The cardoons/artichokes violetta di Chioggia are looking limp and wretched. I am reminded of a friend’s thesis on 18th century French soldiers who died of the then medically accepted condition, nostalgia. The strain of being up-rooted, homesick and in a strange place to which they couldn't adapt, became too much. They withered and died. More recently, our cricketers have had to come home from tours due to bouts of homesickness. I can't move my plants back to their original spots so find myself cheering them on, willing them to settle and root.

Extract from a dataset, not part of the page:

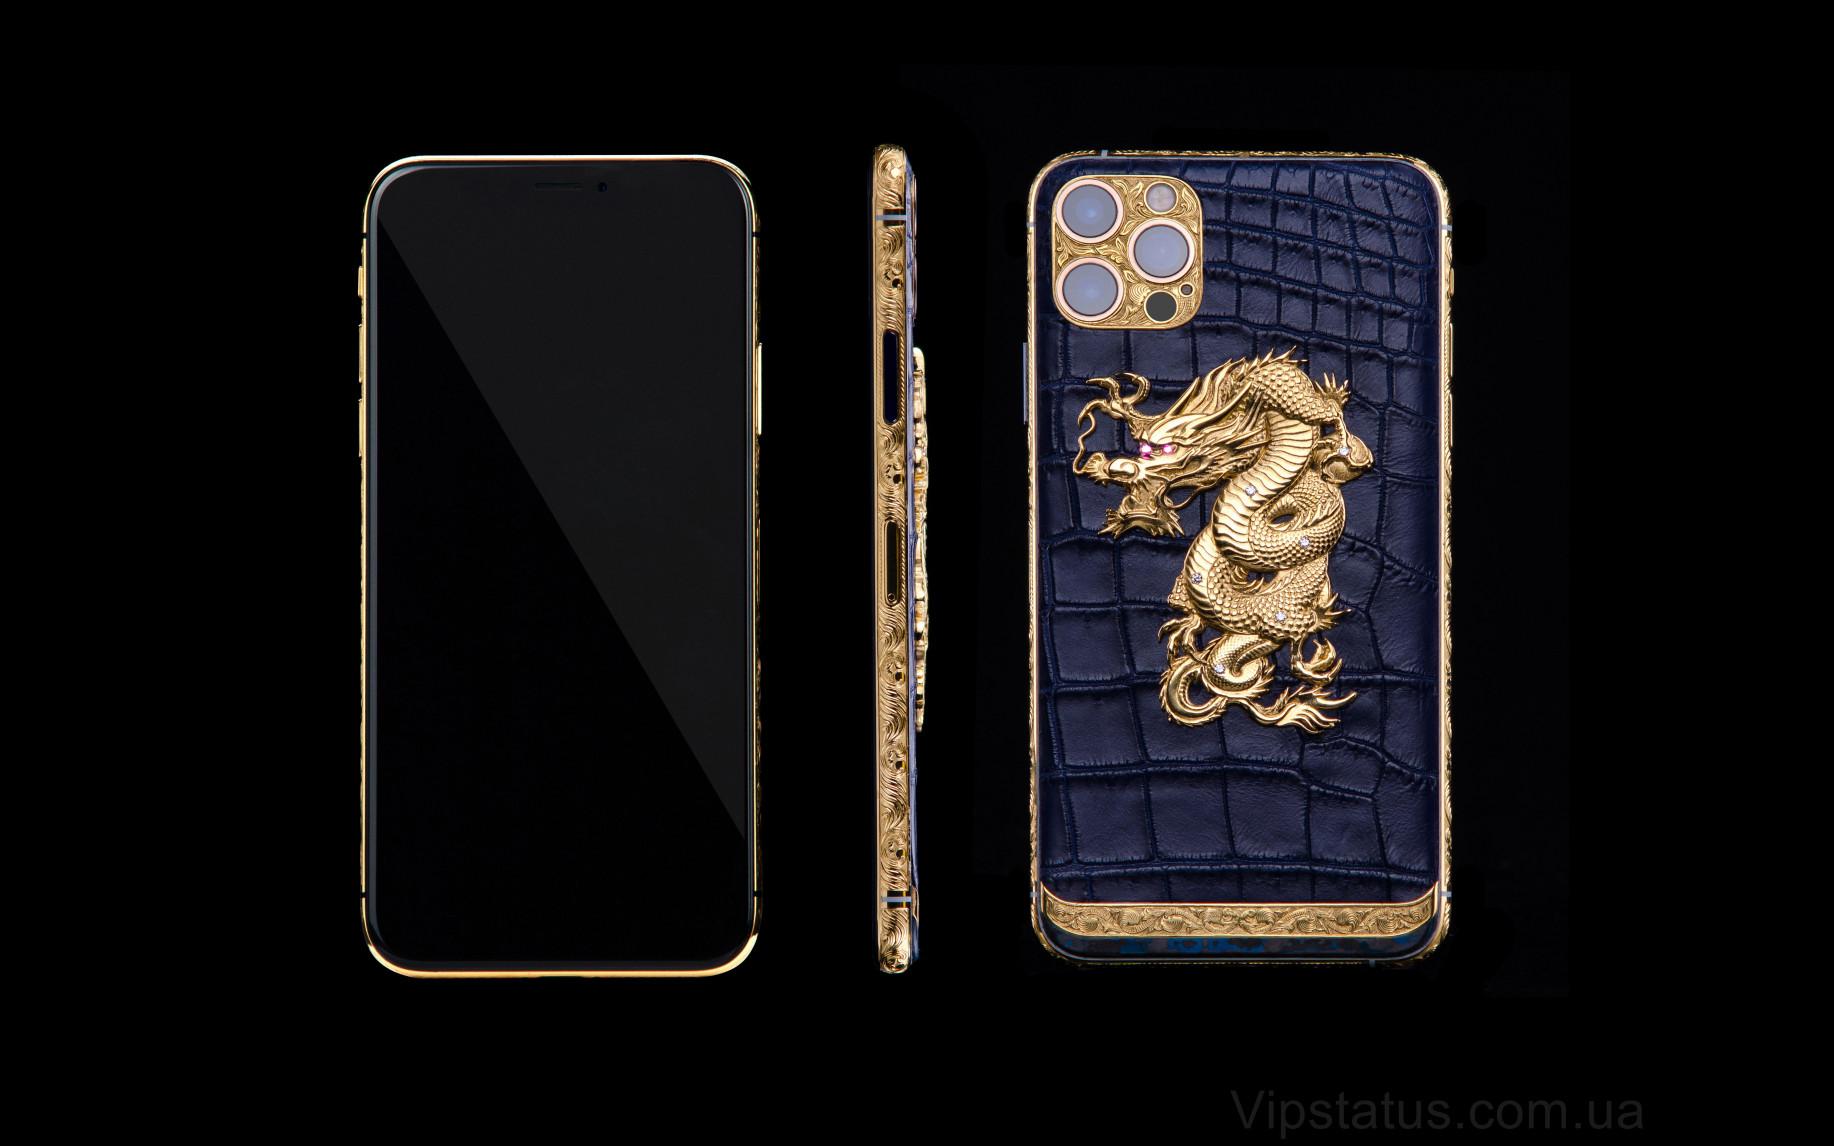 Elite Oriental Dragon IPHONE 12 PRO MAX 512 GB Oriental Dragon IPHONE 12 PRO MAX 512 GB image 4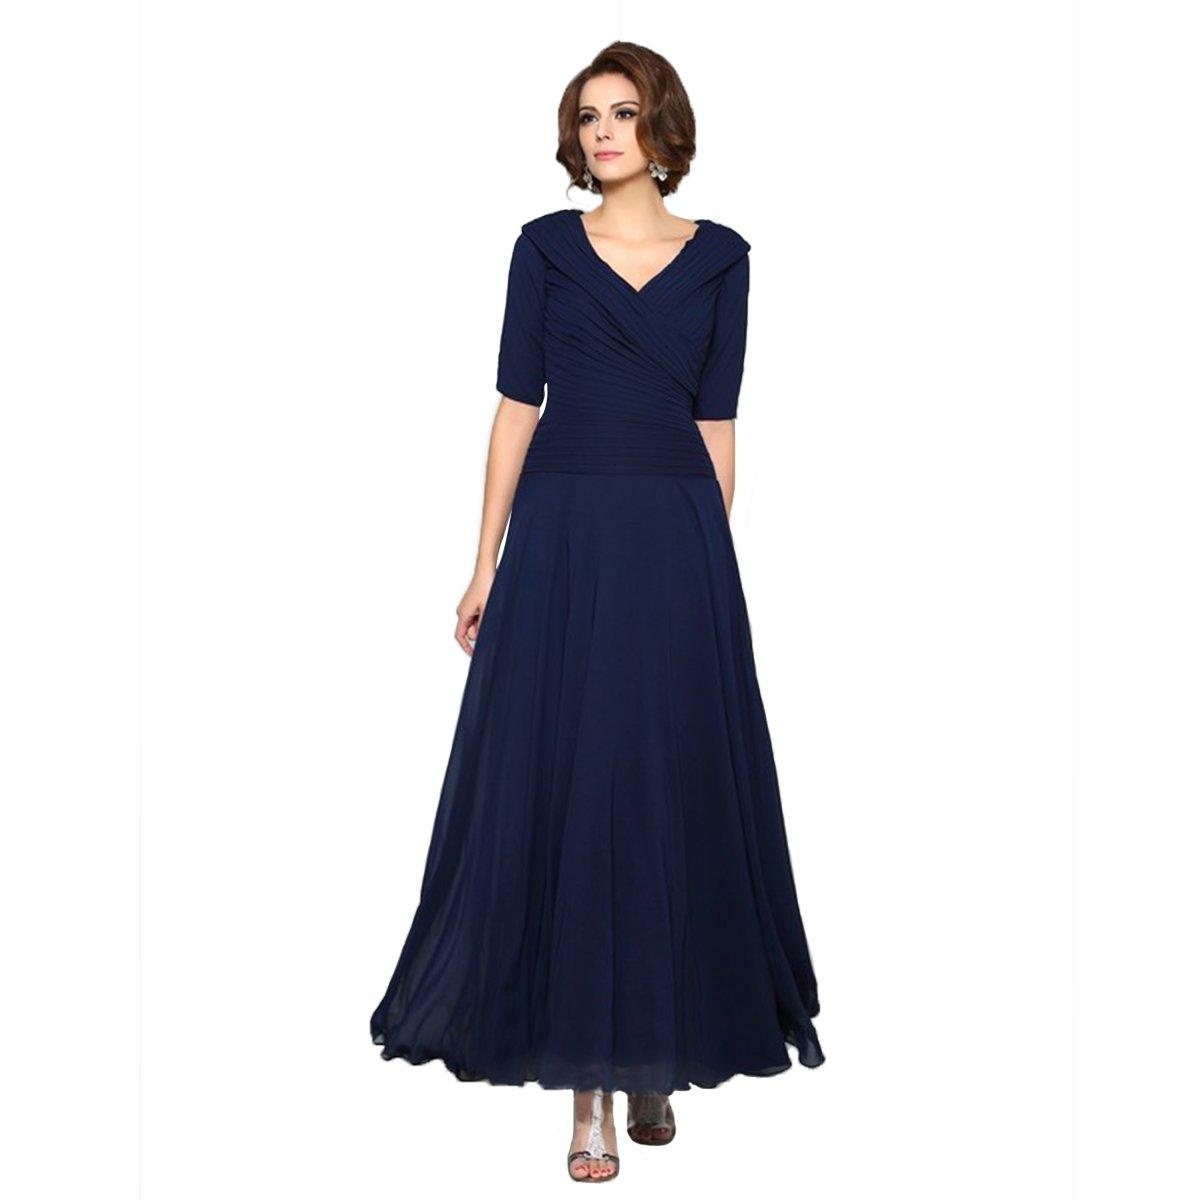 Landress A-Line V-Neck Chiffon Mother of The Bride Dresses Ankle Length(12,Dark Navy)

Wednesday 11 November 2009

?Cardoons

Decided to move my cardoons which spent the summer leaning over a main path, scratching innocent passers by. For plotholders are well-armed and shoot from the hip, or in this case, chopped off my exquisite cardoons' purple heads. Became clear getting to the root of the probem was a tough job, but undeterred my spade and I heaved and dug and suddenly up one came, then another. Roots torn and broken, but with cans of water and beds of mixed compost, manure and leaf mould they are now rehoused. One new shoot broke right off. A, who knows his plants, told me to cut the outside leaf down to the tip of the heart of the new leaves and pop it in since it had a hint of root. Followed instruction and left it looking perky. Strange to think these prickly giants began as seeds on my window ledge. I call them cardoons because my usually knowledgeable plotmates do, but I thought the seed packet (now lost) was entitled more glamorously, artichoke "violetta di Chioggia". What is the identifiable difference?